Data
+ + + +

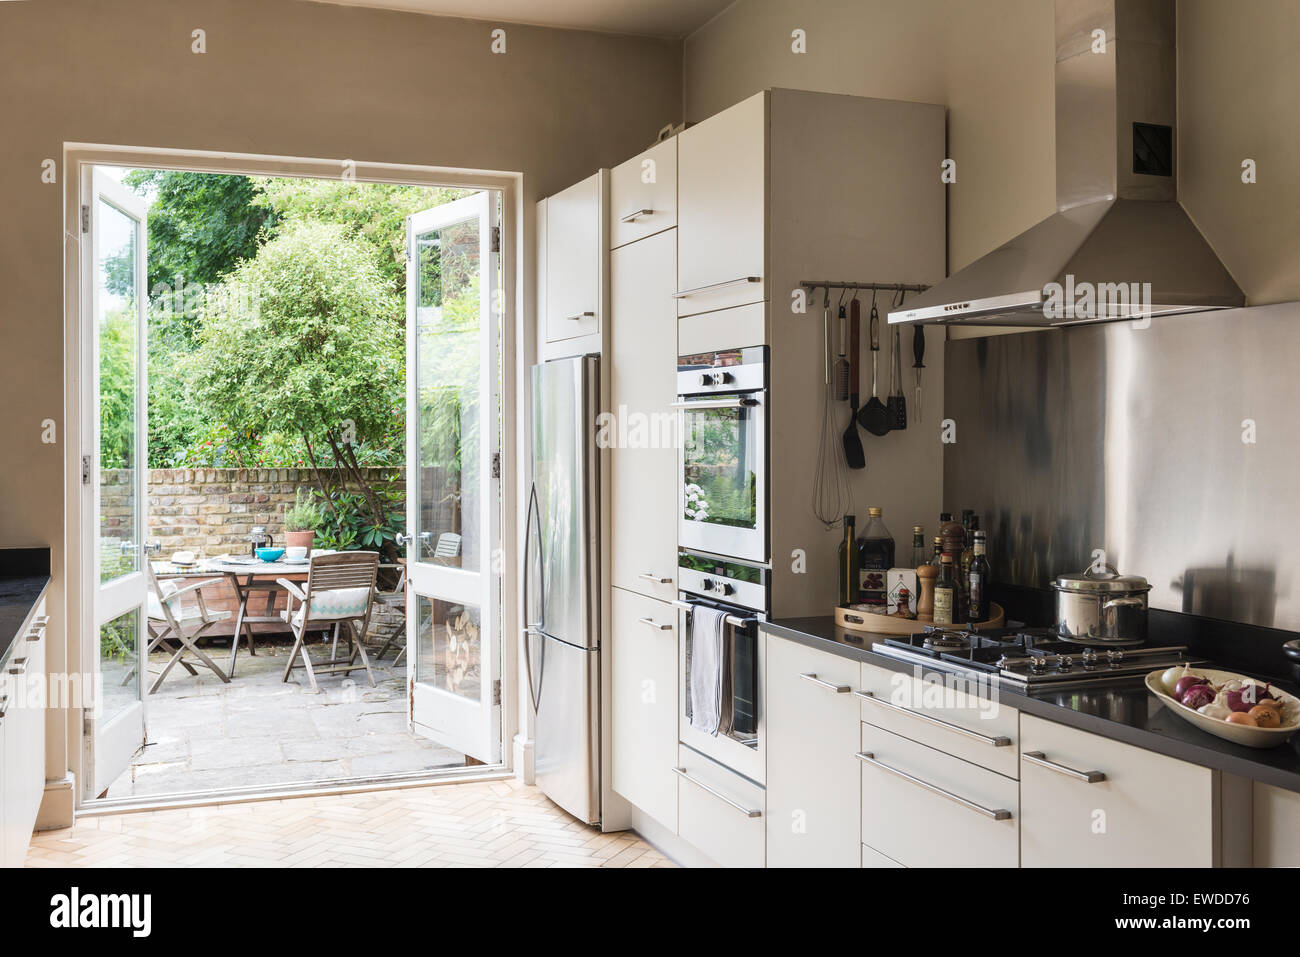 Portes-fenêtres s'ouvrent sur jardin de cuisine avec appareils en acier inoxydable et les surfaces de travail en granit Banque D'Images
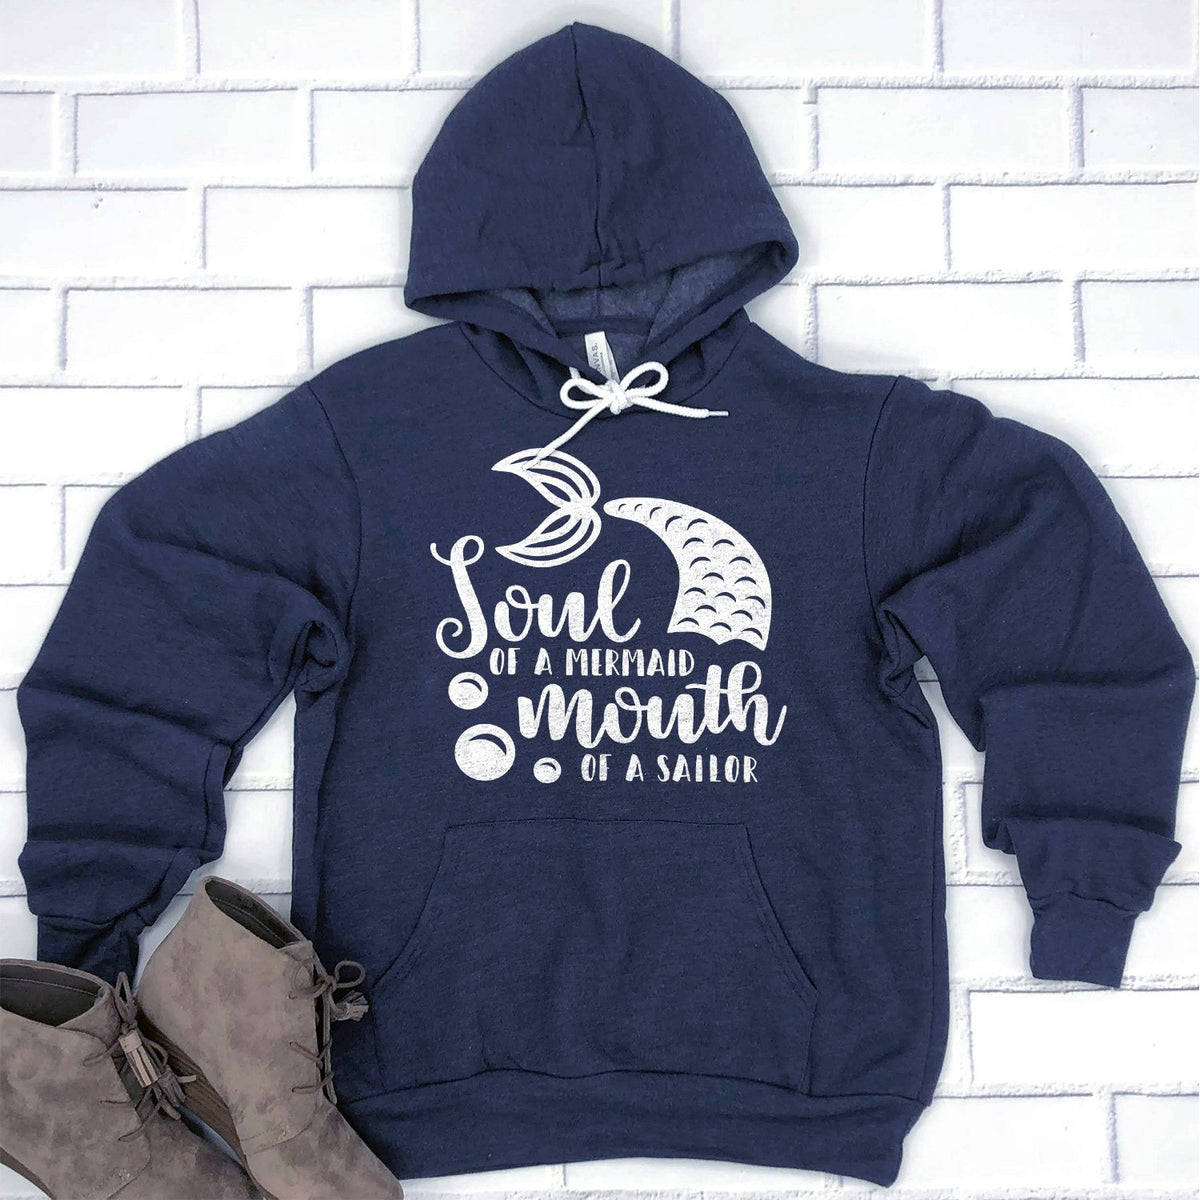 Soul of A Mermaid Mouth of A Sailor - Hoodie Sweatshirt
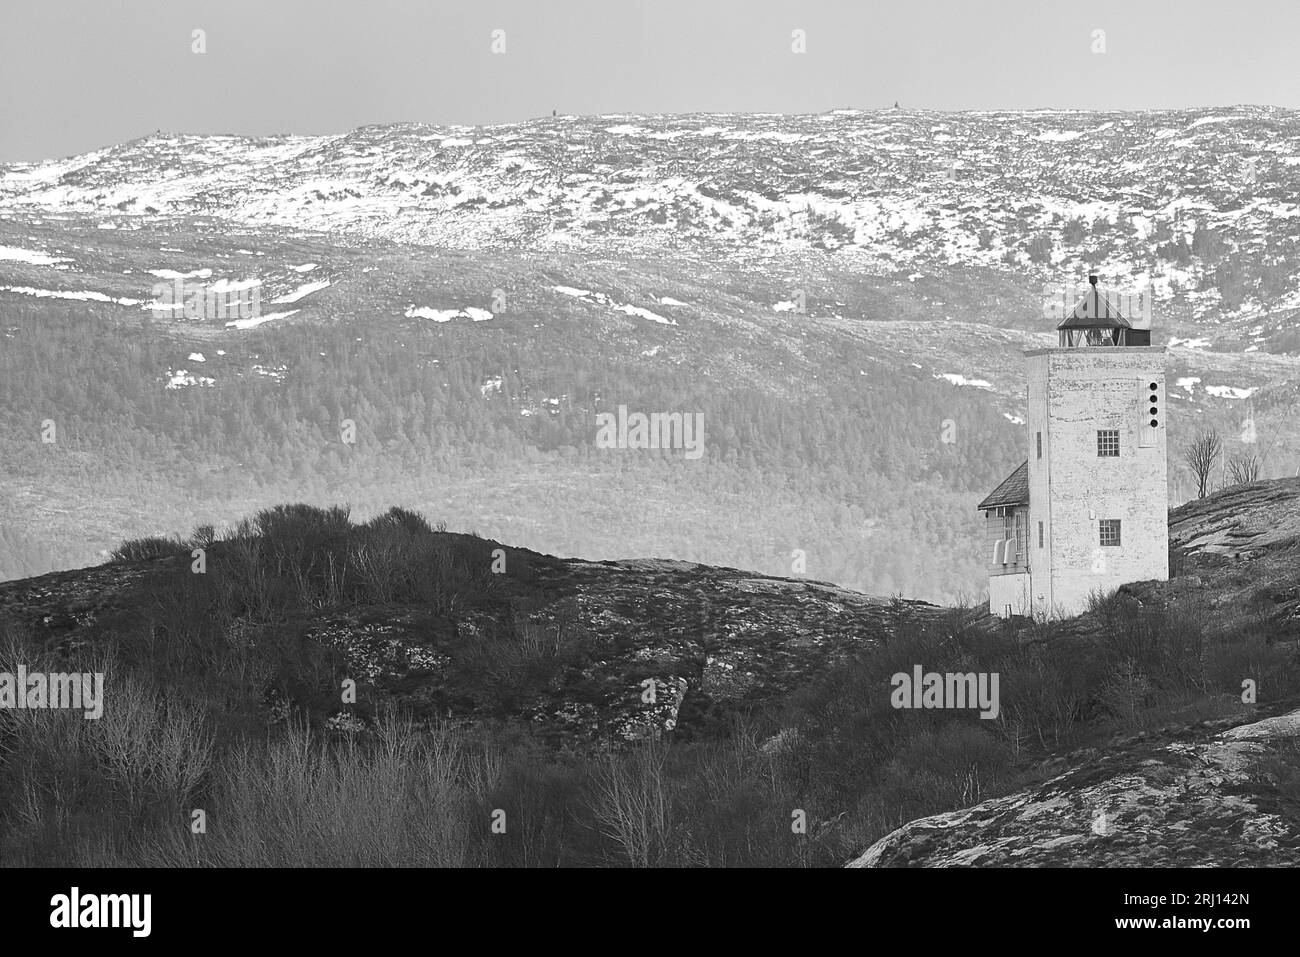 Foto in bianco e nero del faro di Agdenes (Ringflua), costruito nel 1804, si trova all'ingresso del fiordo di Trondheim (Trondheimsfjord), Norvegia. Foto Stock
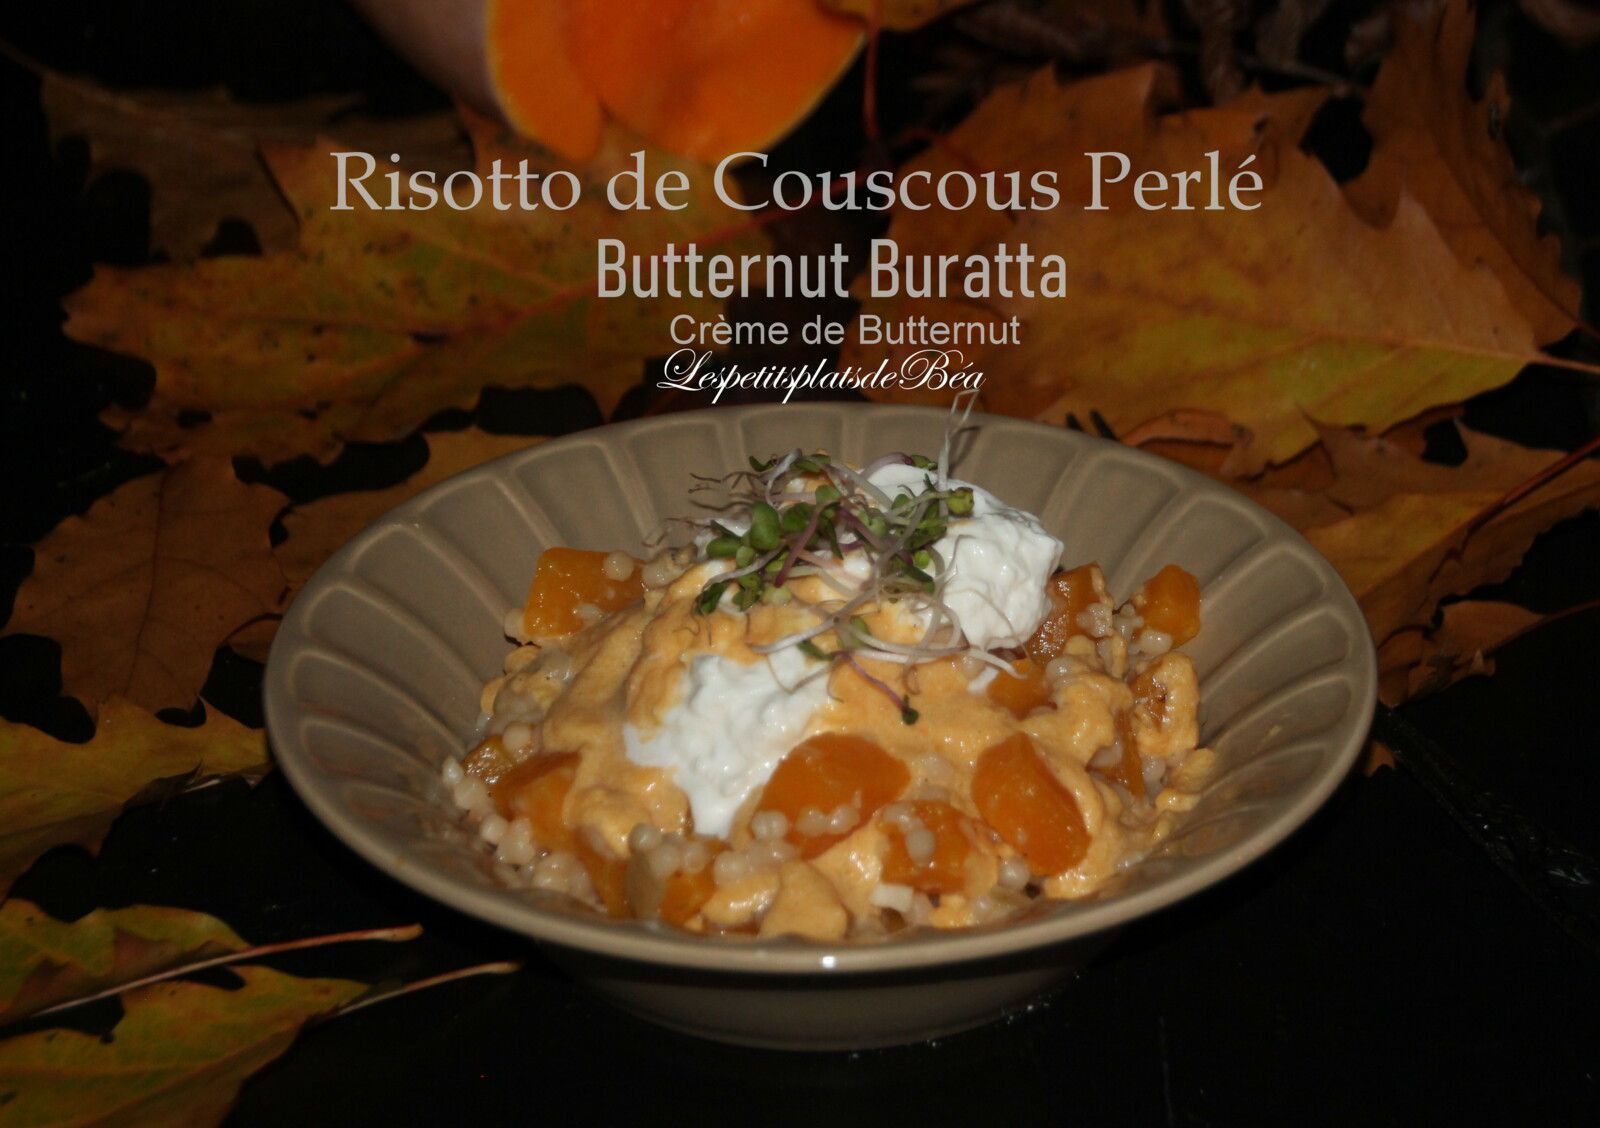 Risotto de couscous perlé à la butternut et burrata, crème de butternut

+ + + +

Requirement
Please copy out each line above exactly as written, but not the pictures.

Task output
 Portes-fenêtres s'ouvrent sur jardin de cuisine avec appareils en acier inoxydable et les surfaces de travail en granit Banque D'Images
 Soul of A Mermaid Mouth of A Sailor - Hoodie Sweatshirt
 Foto in bianco e nero del faro di Agdenes (Ringflua), costruito nel 1804, si trova all'ingresso del fiordo di Trondheim (Trondheimsfjord), Norvegia. Foto Stock
 Risotto de couscous perlé à la butternut et burrata, crème de butternut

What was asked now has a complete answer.